▶ [Excerpted data]
....................

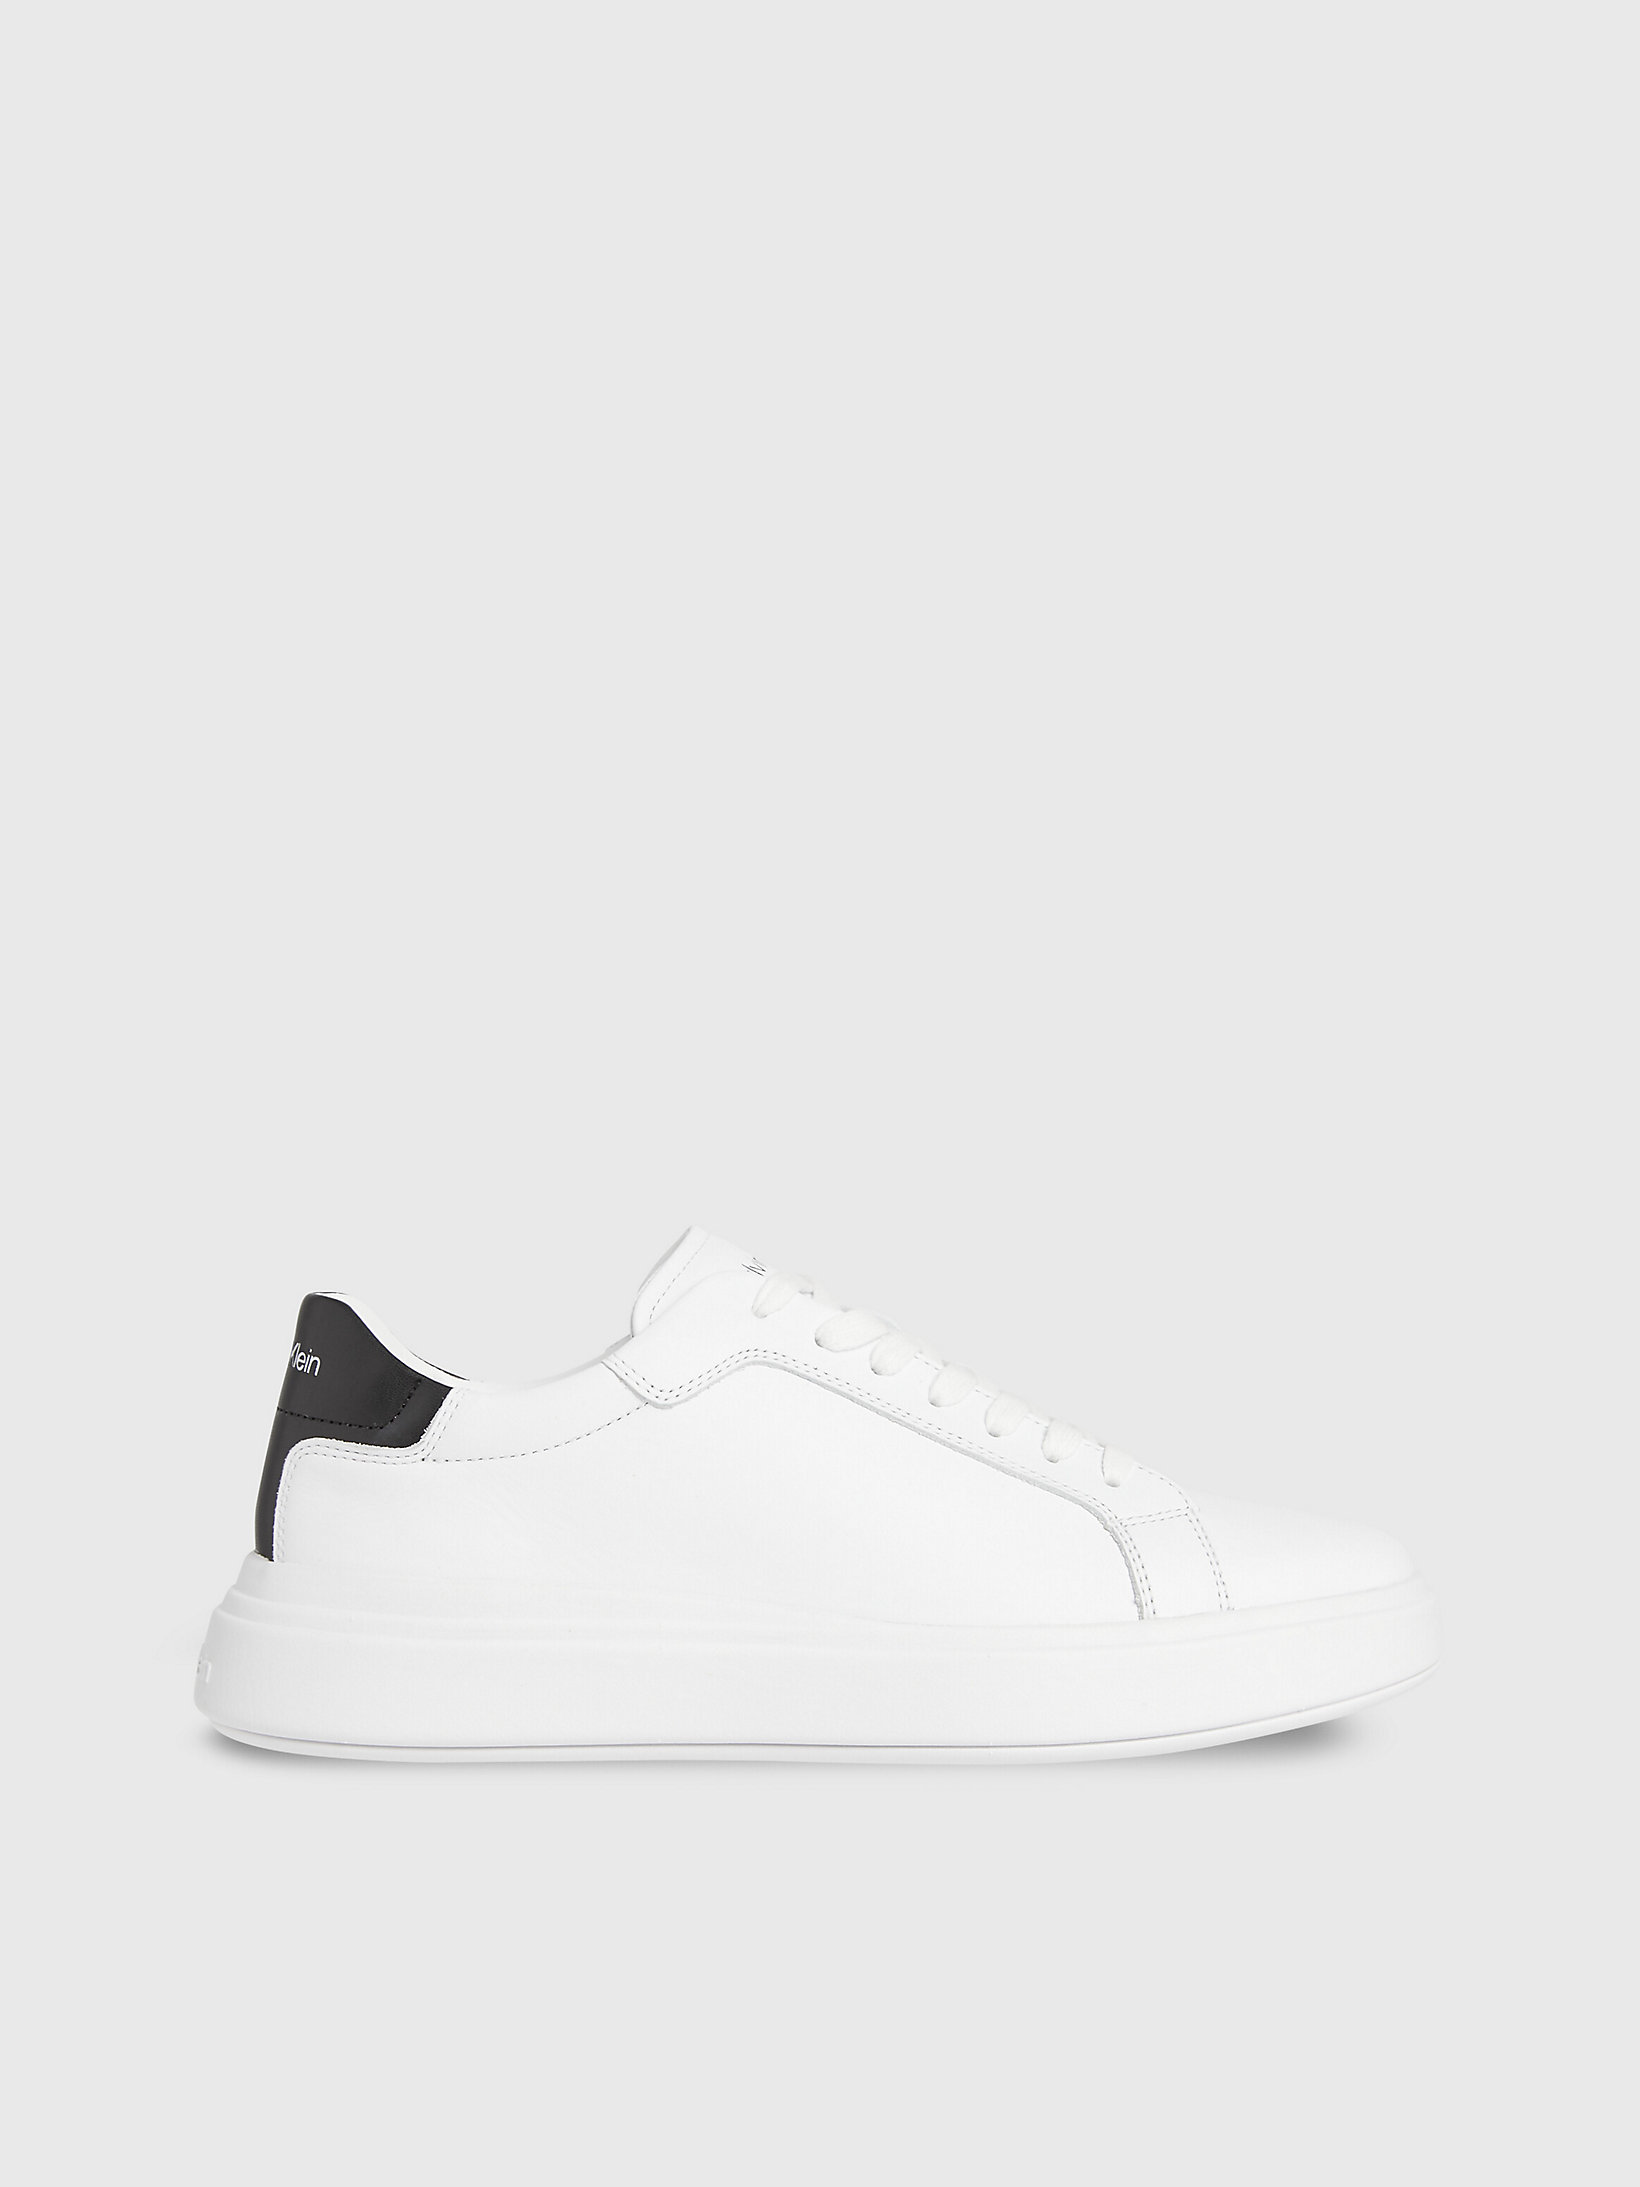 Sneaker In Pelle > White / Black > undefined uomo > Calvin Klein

....................

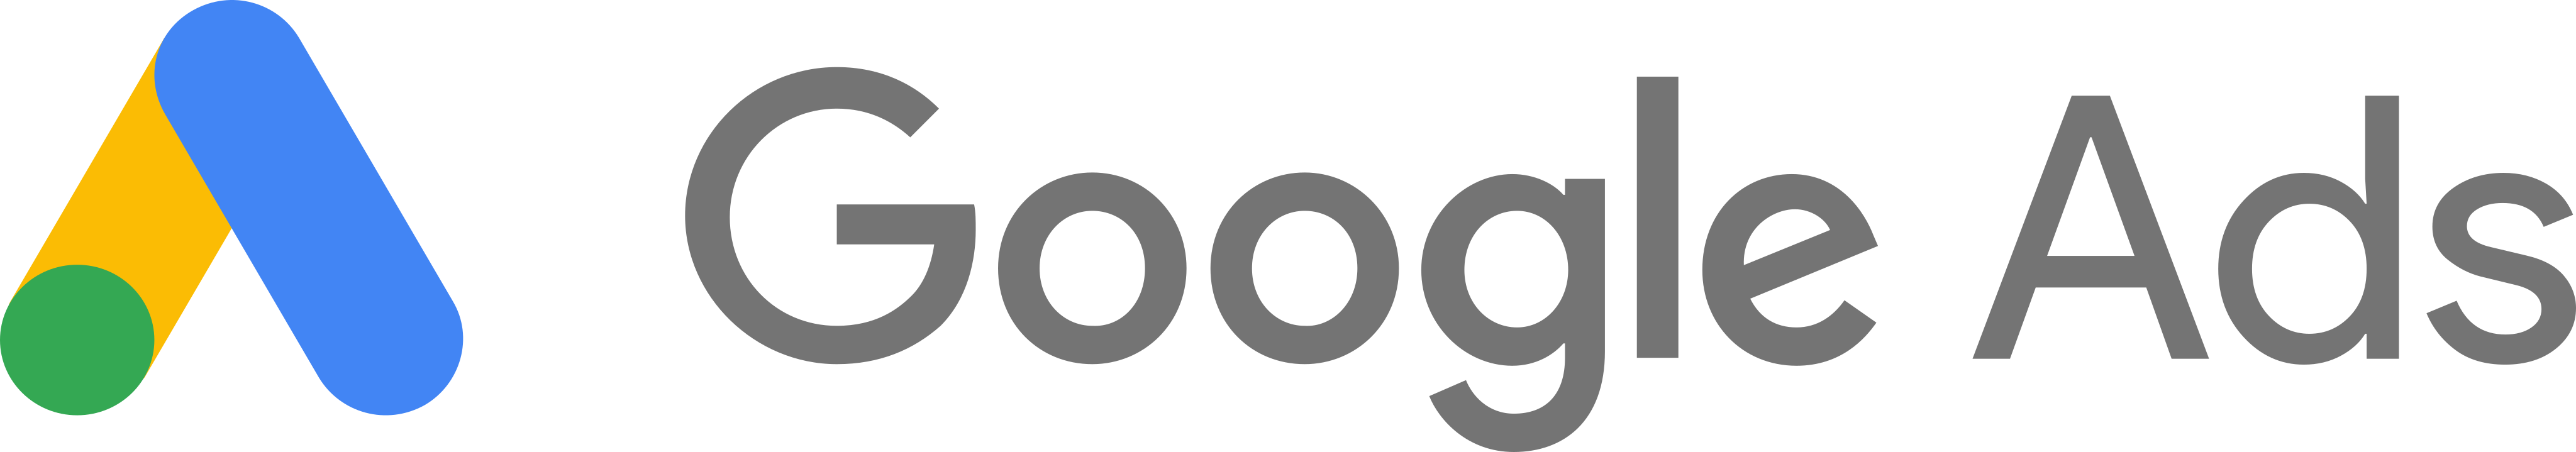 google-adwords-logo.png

....................

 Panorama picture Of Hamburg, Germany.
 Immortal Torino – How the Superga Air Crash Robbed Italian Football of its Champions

....................

▶ [What is needed] Copy out only the lines of the records above from the one with "Panorama picture Of Hamburg, Germany." through the one with "Immortal Torino –", exactly as they stand, both included.

▶ [Solution for this exercise]
 Panorama picture Of Hamburg, Germany.
 Immortal Torino – How the Superga Air Crash Robbed Italian Football of its Champions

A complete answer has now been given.